Караульные торопливо вытолкали короля из зала, в котором раздавались беспорядочные крики. Кто-то защищал короля, кто-то выкрикивал обвинения против него. Члены суда покинули зал. Джону казалось, что они медленно уплывали прочь, а красная мантия Брэдшоу и его абсурдная шляпа напоминали видение во сне…

— Я никогда не думал, что они сделают это… — только и вымолвил Джон. — Я никогда не думал, что они осмелятся.


Воскресенье, 28 января 1649 года


Джон не пошел в церковь вместе с Френсис и ее мужем. Когда зазвонили церковные колокола, он сидел за кухонным столом перед стаканом эля. Колокола стихли, а потом зазвучали вновь.

Френсис торопливо влетела в кухню, чтобы приняться за воскресный обед, и приостановилась, увидев отца в столь непривычном для него состоянии бездействия.

— Ты заболел?

Джон покачал головой.

Вслед за женой в кухню вошел Александр.

— Говорят, он молится с епископом Джаксоном. Ему разрешили повидаться с детьми.

— Помилования не будет? — спросил Джон.

— В Уайтхолле строят эшафот, — коротко ответил Александр.

— Не здесь? — быстро спросила Френсис.

Александр взял ее руку и поцеловал.

— Нет, моя дорогая. Далеко от нас. Сейчас перекрывают улицу перед Банкетным залом,[37] чтобы предупредить попытку спасти его.

— Да кому придет в голову спасать его? — с отчаянием в голосе спросил Джон. — Он же предал всех своих друзей.


Вторник, 30 января 1649 года


Утром стоял такой страшный холод, что Джону, пока он ждал на улице, показалось — лед с крыши и из канав пробирается в его вены, замораживает живот и кости. Короля должны были казнить до полудня, но, хотя на улицах в три ряда стояли солдаты и два палача ждали, укрывшись от пронизывающего ветра за эшафотом, задрапированным черной тканью, король еще не появлялся.

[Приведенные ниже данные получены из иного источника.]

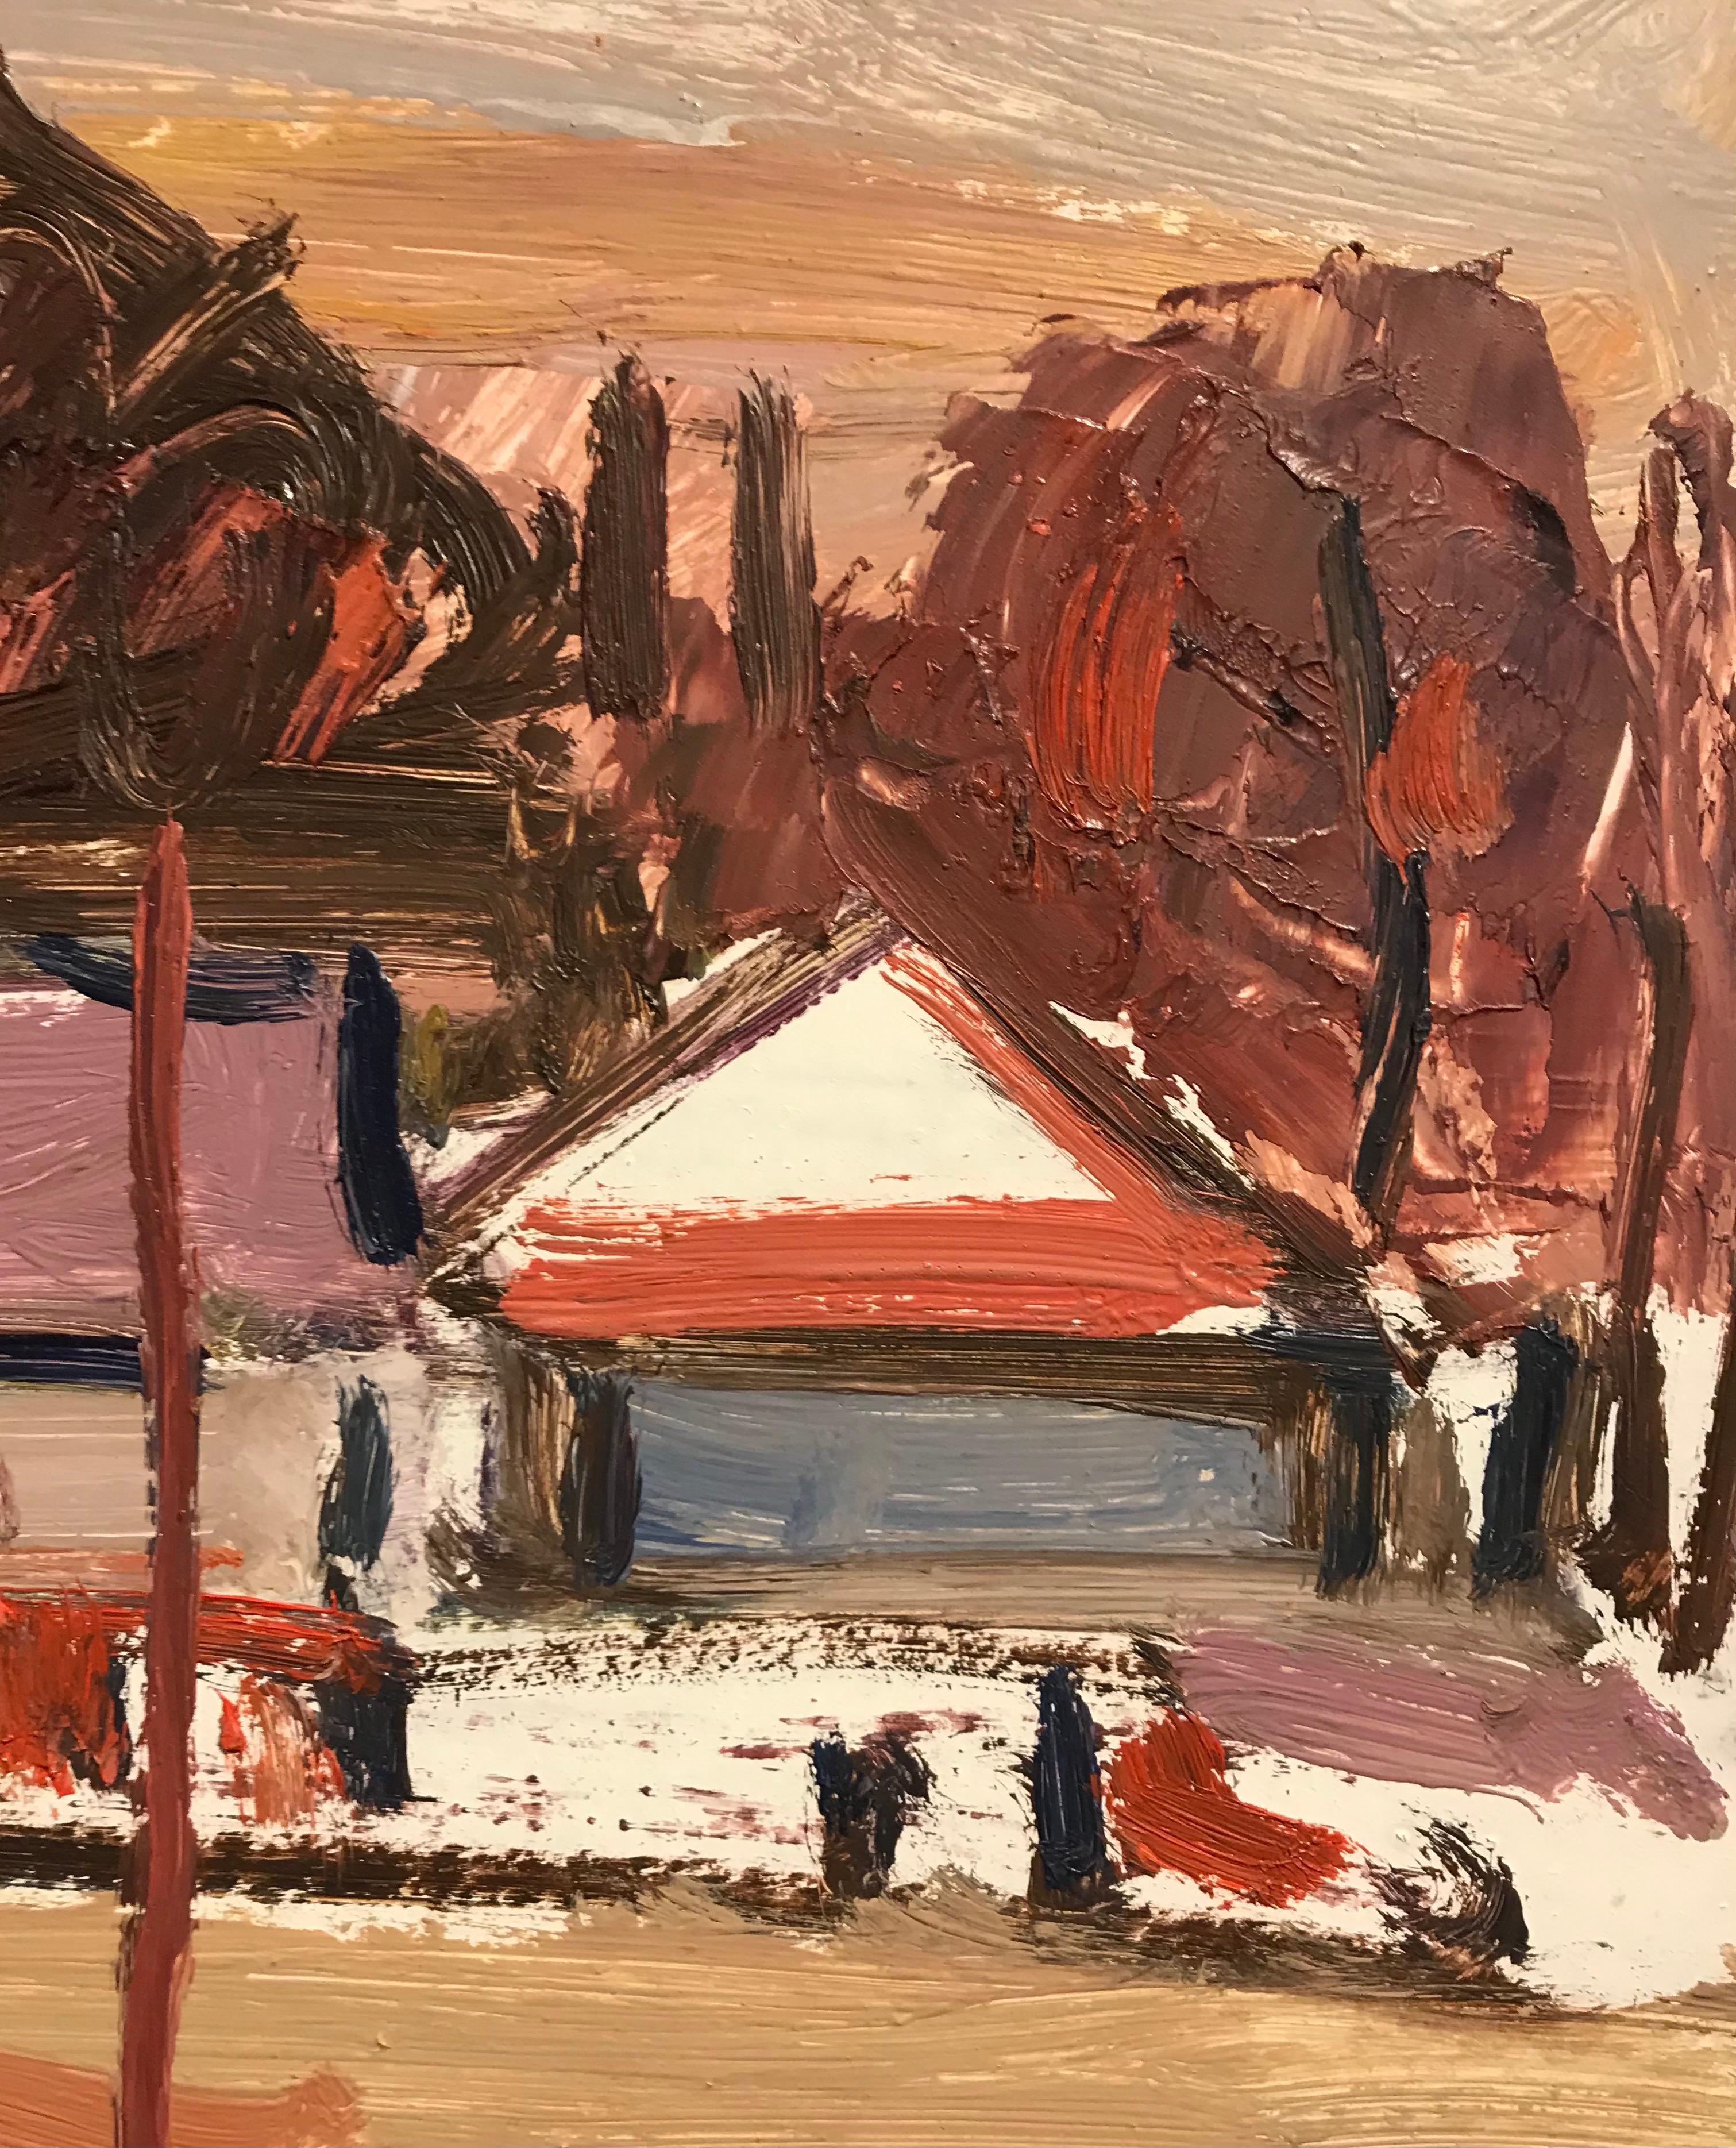 Tableau n°45 by Jean Krillé - Oil on cardboard  - Brown Landscape Painting by Jean Krille
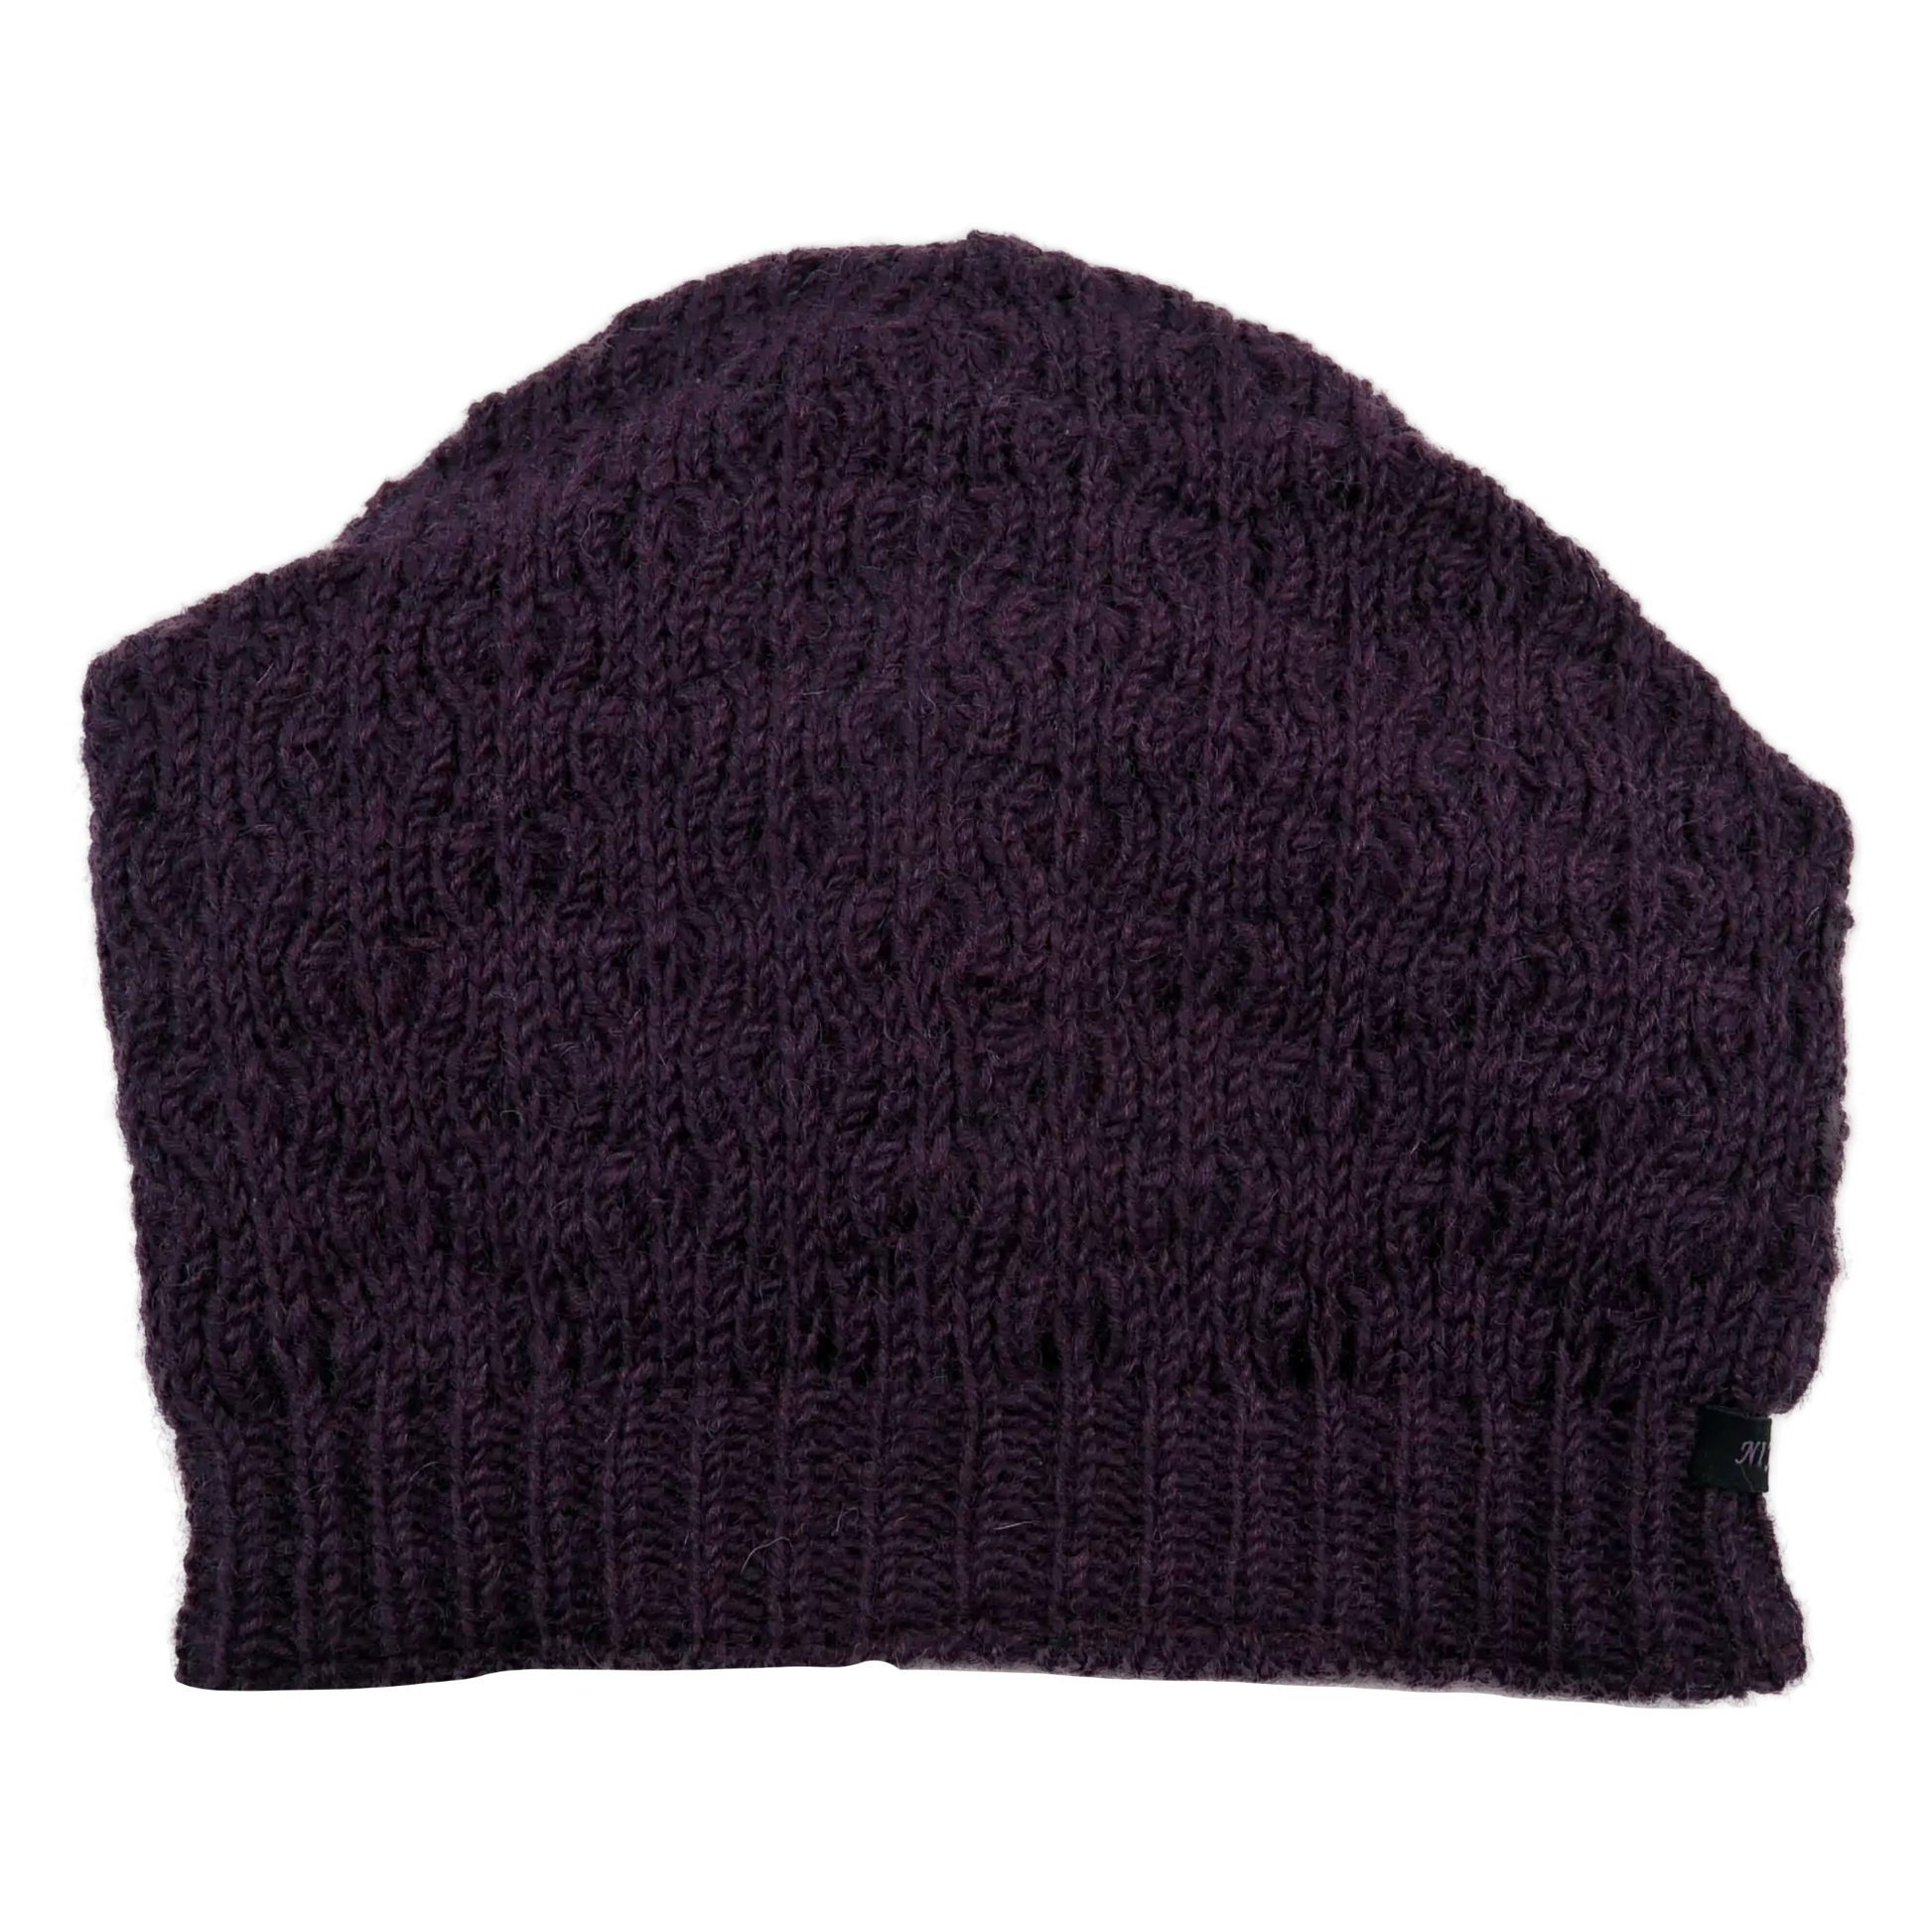 Long Beanie Mütze aus Schurwolle Violett  mit Strickmuster.

Поблизости толпились писцы и художники, дабы запечатлеть все происходящее.

По улице, запруженной народом, столпившимся позади шеренг солдат, раскатывалось странное эхо. Звуки разговоров, молитв, вопли бродячих музыкантов, выкрикивающих названия своих новых песен, отскакивали от стен домов без окон и звенели в холодном воздухе.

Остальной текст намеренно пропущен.